== Your objective ==
The answer should hold only the lines from the one containing "MotoGP Rnd Silverstone Tito Rabat" through the one containing "Diesel Herren Stretch" in the entries below, copied exactly, without pictures.

== Dataset records ==
--- --- ---
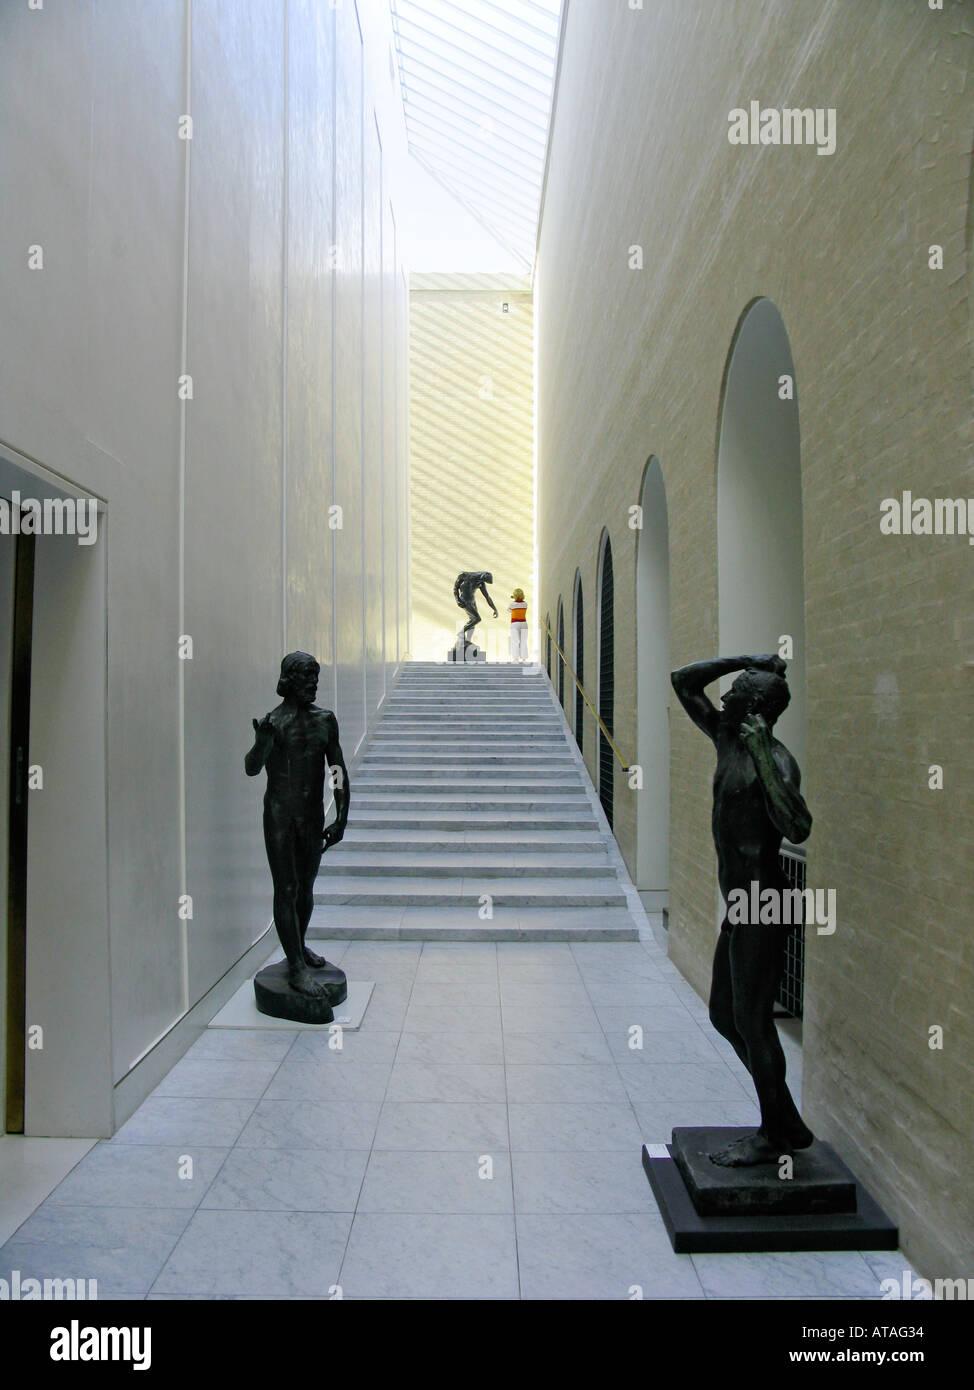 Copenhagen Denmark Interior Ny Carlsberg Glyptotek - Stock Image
--- --- ---
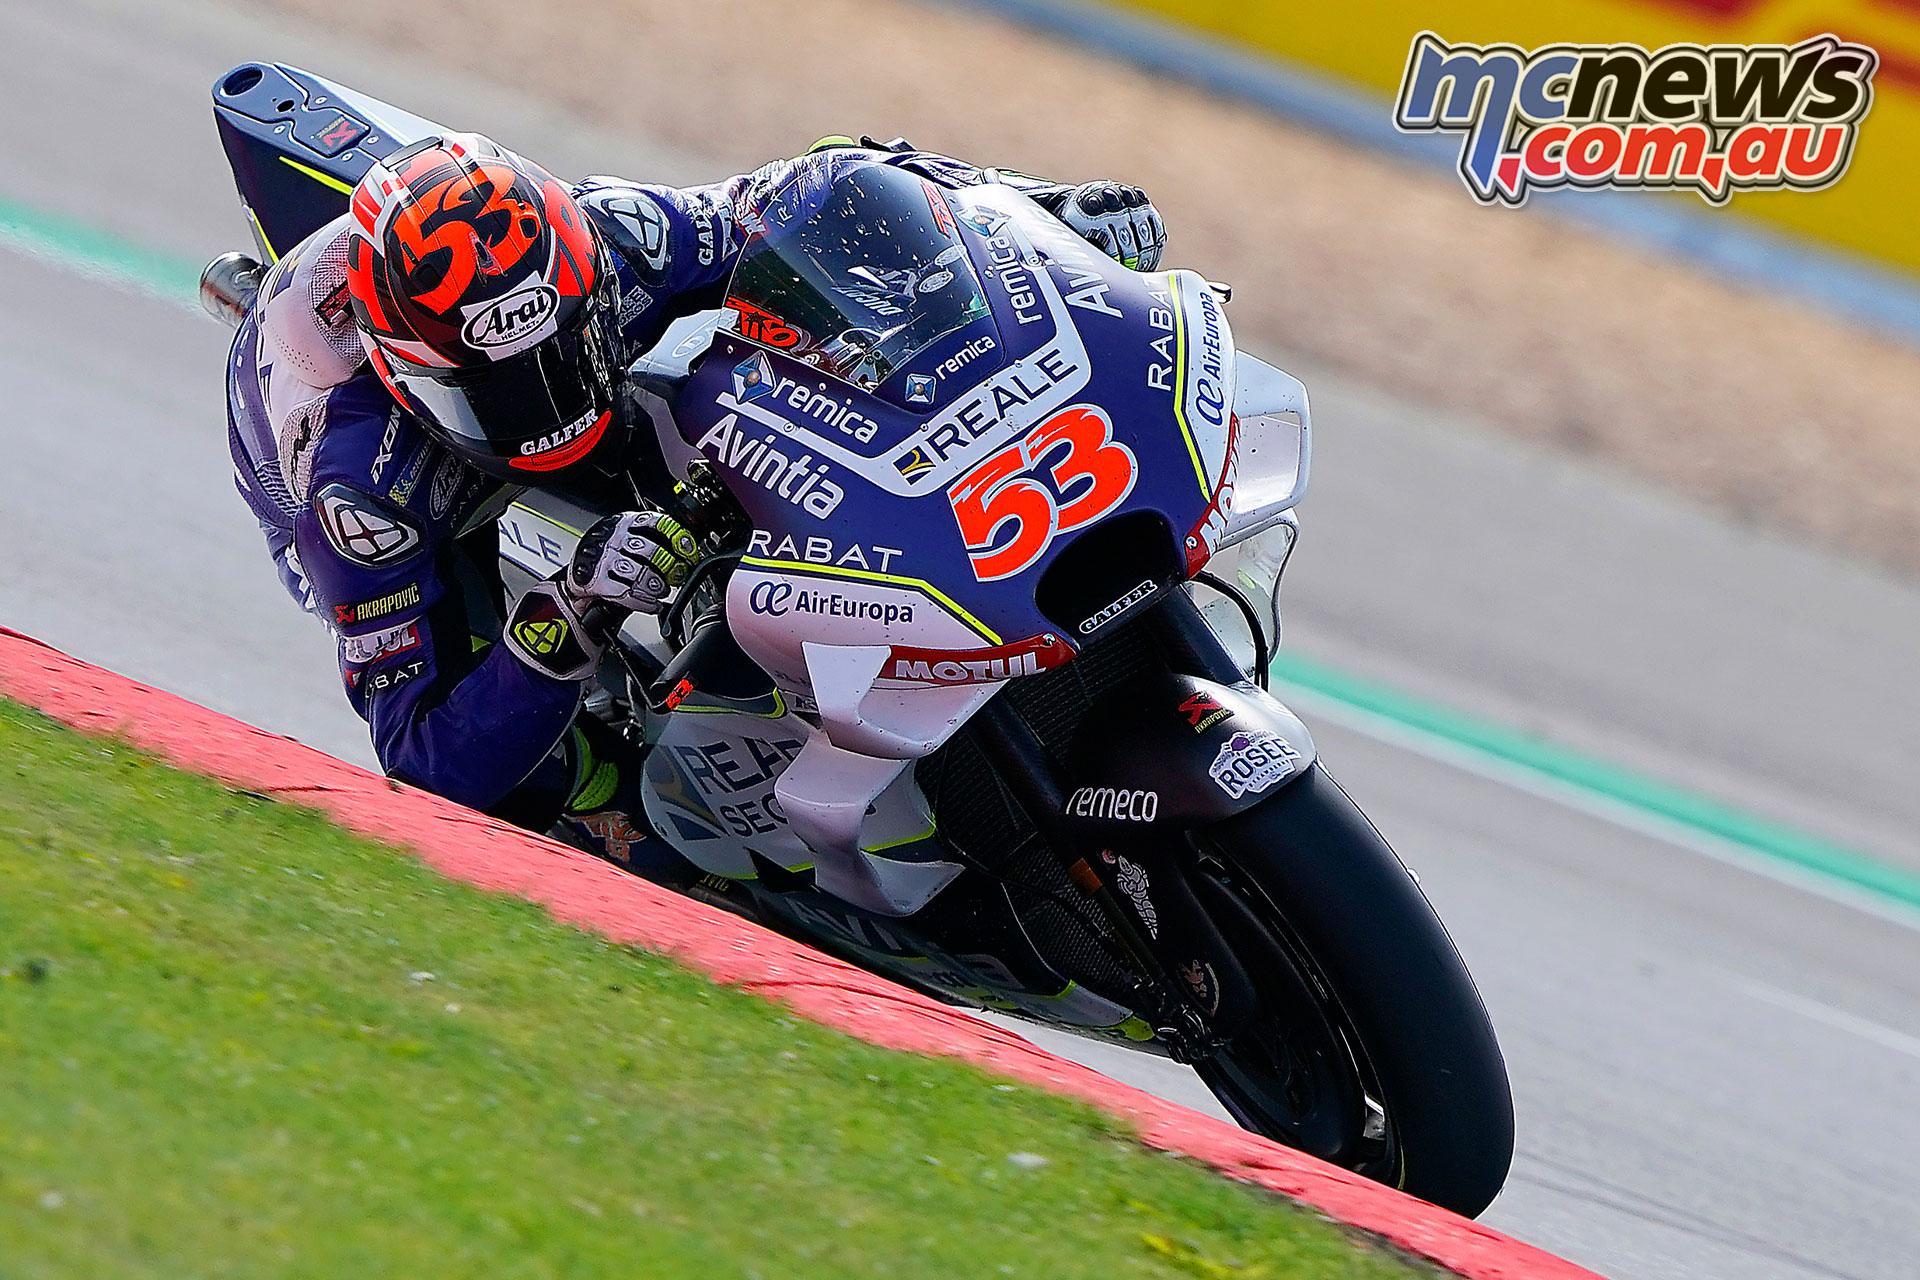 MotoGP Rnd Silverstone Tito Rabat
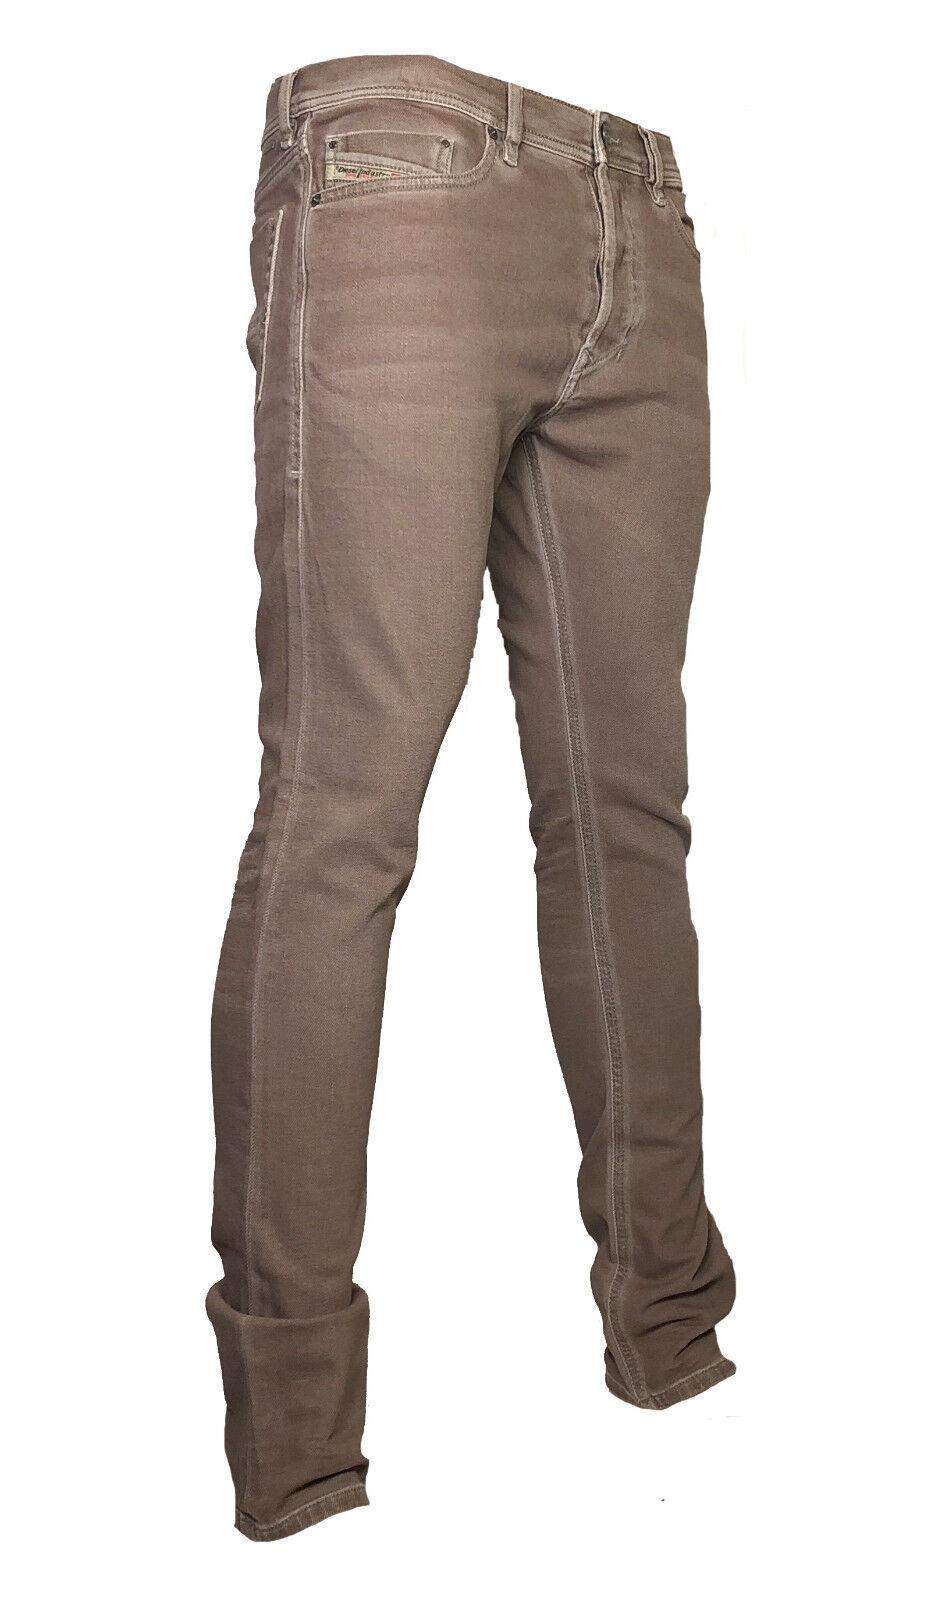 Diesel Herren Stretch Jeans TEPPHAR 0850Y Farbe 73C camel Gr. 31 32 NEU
--- --- ---
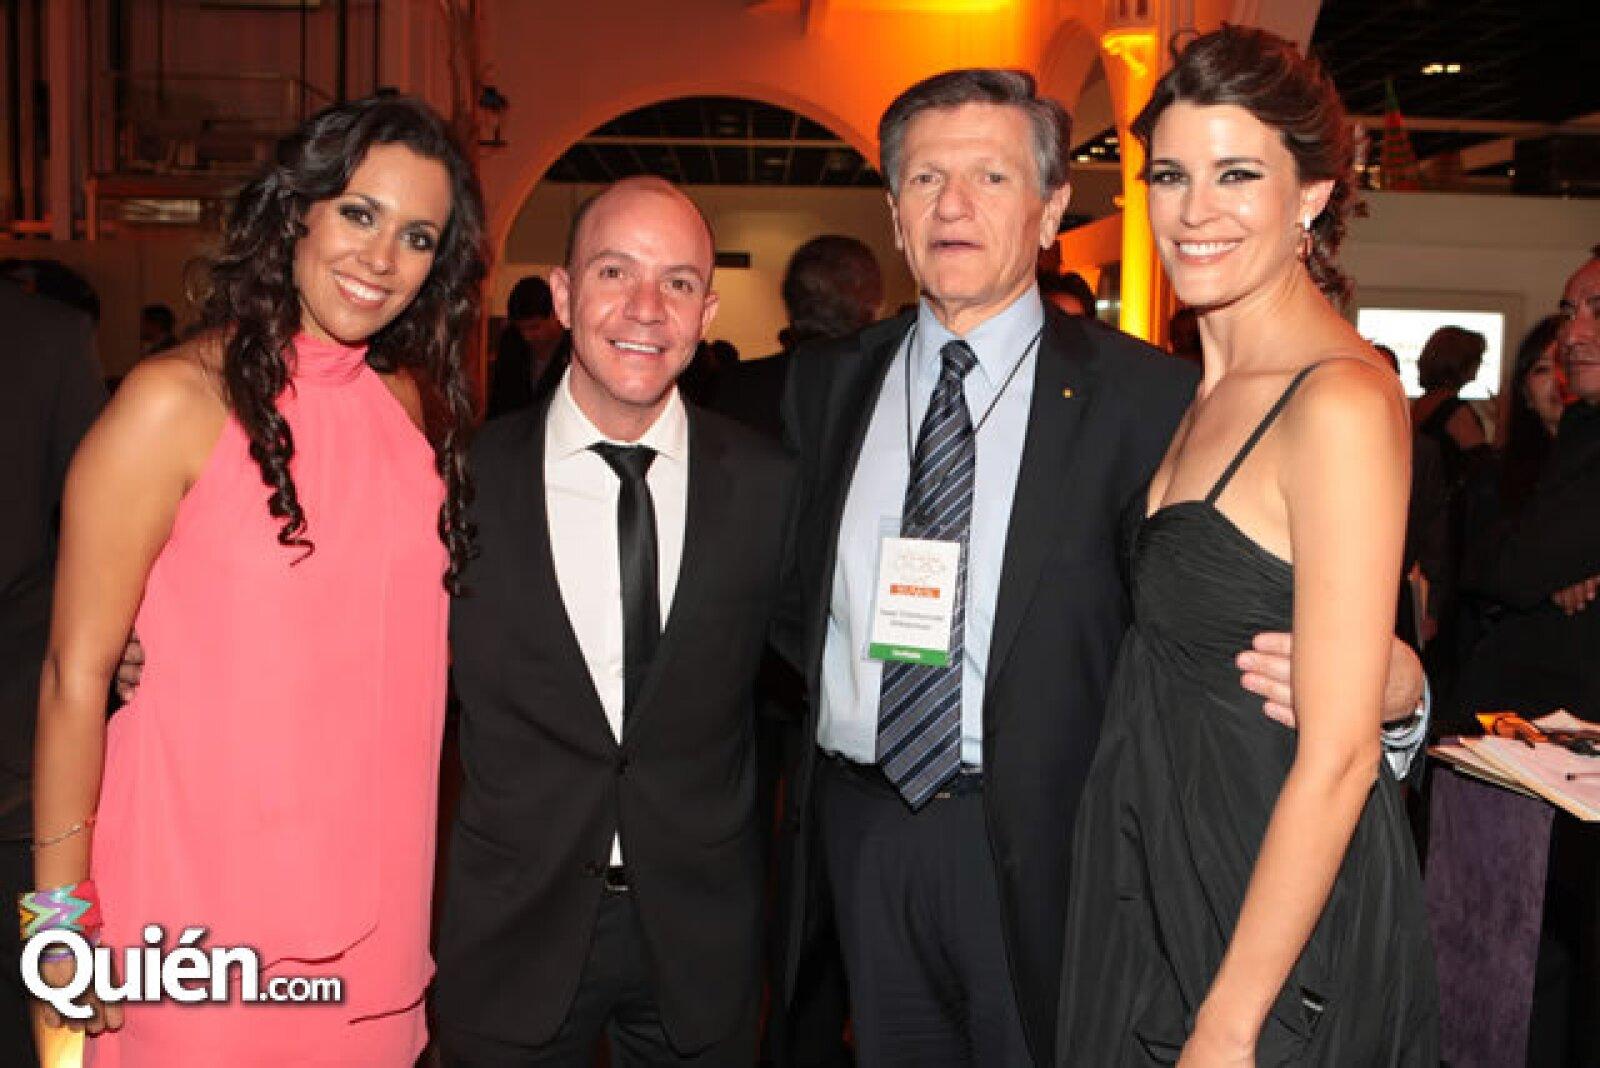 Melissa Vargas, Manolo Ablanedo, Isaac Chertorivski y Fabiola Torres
--- --- ---
== Answer area ==
 MotoGP Rnd Silverstone Tito Rabat
 Diesel Herren Stretch Jeans TEPPHAR 0850Y Farbe 73C camel Gr. 31 32 NEU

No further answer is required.